Start with service

Published: 2010-06-20 14:46:21
Author: Monica Wofford | ChiroEco.com | March 2010

Delivering exceptional customer service, or not, can mean life or death to your practice.

While good customer service can catapult your practice into chiropractic stardom, bad customer service can shut your doors quicker than you can say, “subluxation.”

So, has the concept of customer service become so cliché that you overlook the obvious? Is it something you actually check on, measure, or reinforce?

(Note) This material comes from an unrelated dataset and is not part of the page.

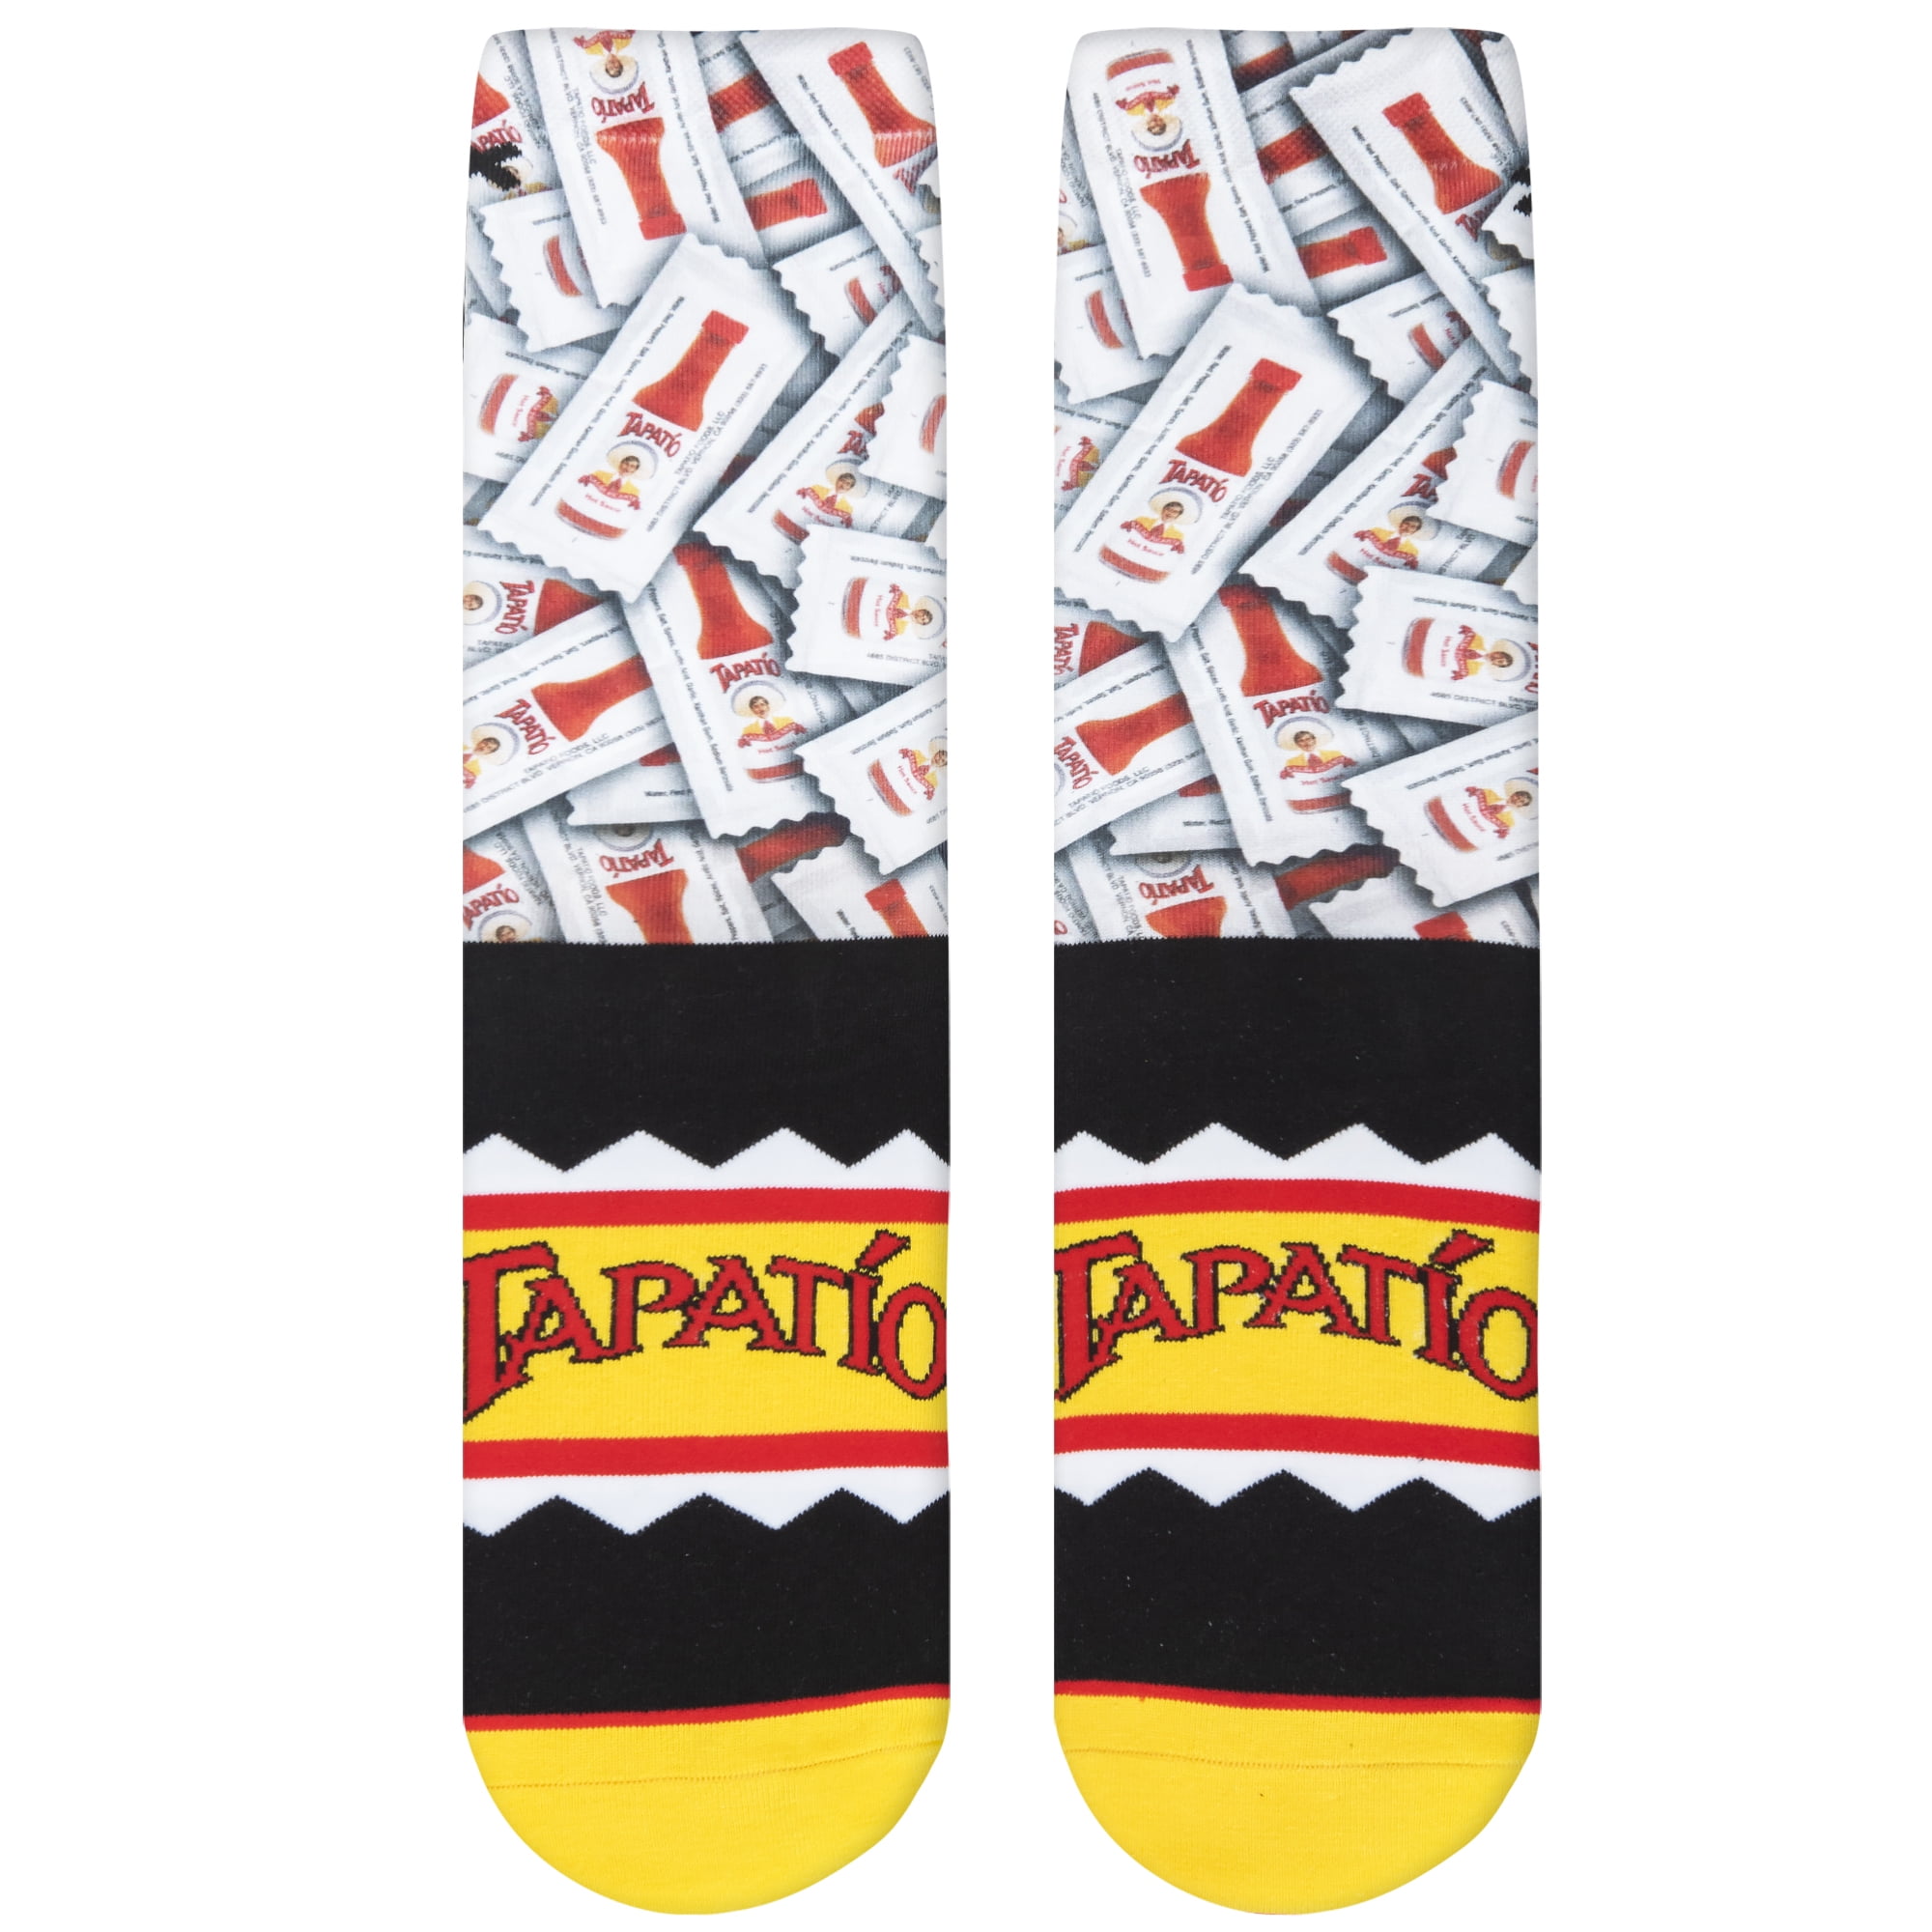 Socktopia Rage Quitter Novelty Socks Size 6-12 Men's Crew New Tags

According to the Customer Service Best Practices Survey, this is true for a few of the survey takers. Yet out of the 467 chiropractic practices nationwide contacted for this survey, some of the results uncovered may surprise you.

Initial findings         

An expected conclusion one might assume to be true in this type of study is an increase in customer service provided in correlation with an increasing number of years in practice.

An experienced chiropractor could be expected to have greater success in providing patient care and leading employees, simply because he or she is assumed to have developed and honed the skills to run a practice more effectively.

• Overall customer service. This increase in rating proved to be true, but with an overall increase of only 0.4 percent, indicating that service is perceived to be high in all number of years in practice (See Fig. 1).

Subjective ratings by the participating doctors (and one office manager) on the level of customer service their practice provides ranged from a perfect 10 down to a five, with one rating of a five and two ratings of six in the entire study.

Fourteen percent of all practices surveyed gave themselves a rating of 10, indicating no room for improvement in the area of customer service. All the remaining offices considered themselves to be worthy of a seven or higher in customer service.

• Adding more staff. Additional logic that might follow this line of thinking is the more staff members on hand to serve patients the higher rating of customer service would be present and could be provided by more “hands on deck.”

This “logic” proved not to be true as the customer service rating declined without exception when staff was increased (see Fig. 2). In addition, when staff increased the time in their role, or tenure, the customer service rating experienced a downward trend, indicating that more is not necessarily merrier (see Fig. 3).

• Patient complaints. When doctors were asked how many patients complained — about anything — 52 percent said less than 2 percent.

While 22 percent said between 3 percent and 5 percent complained, 6 percent of the practices reported percentages between 10 percent and 40 percent — with these latter practices also mentioning being a member of one of many chiropractic coaching programs and able to articulate the method by which they actually tracked numbers.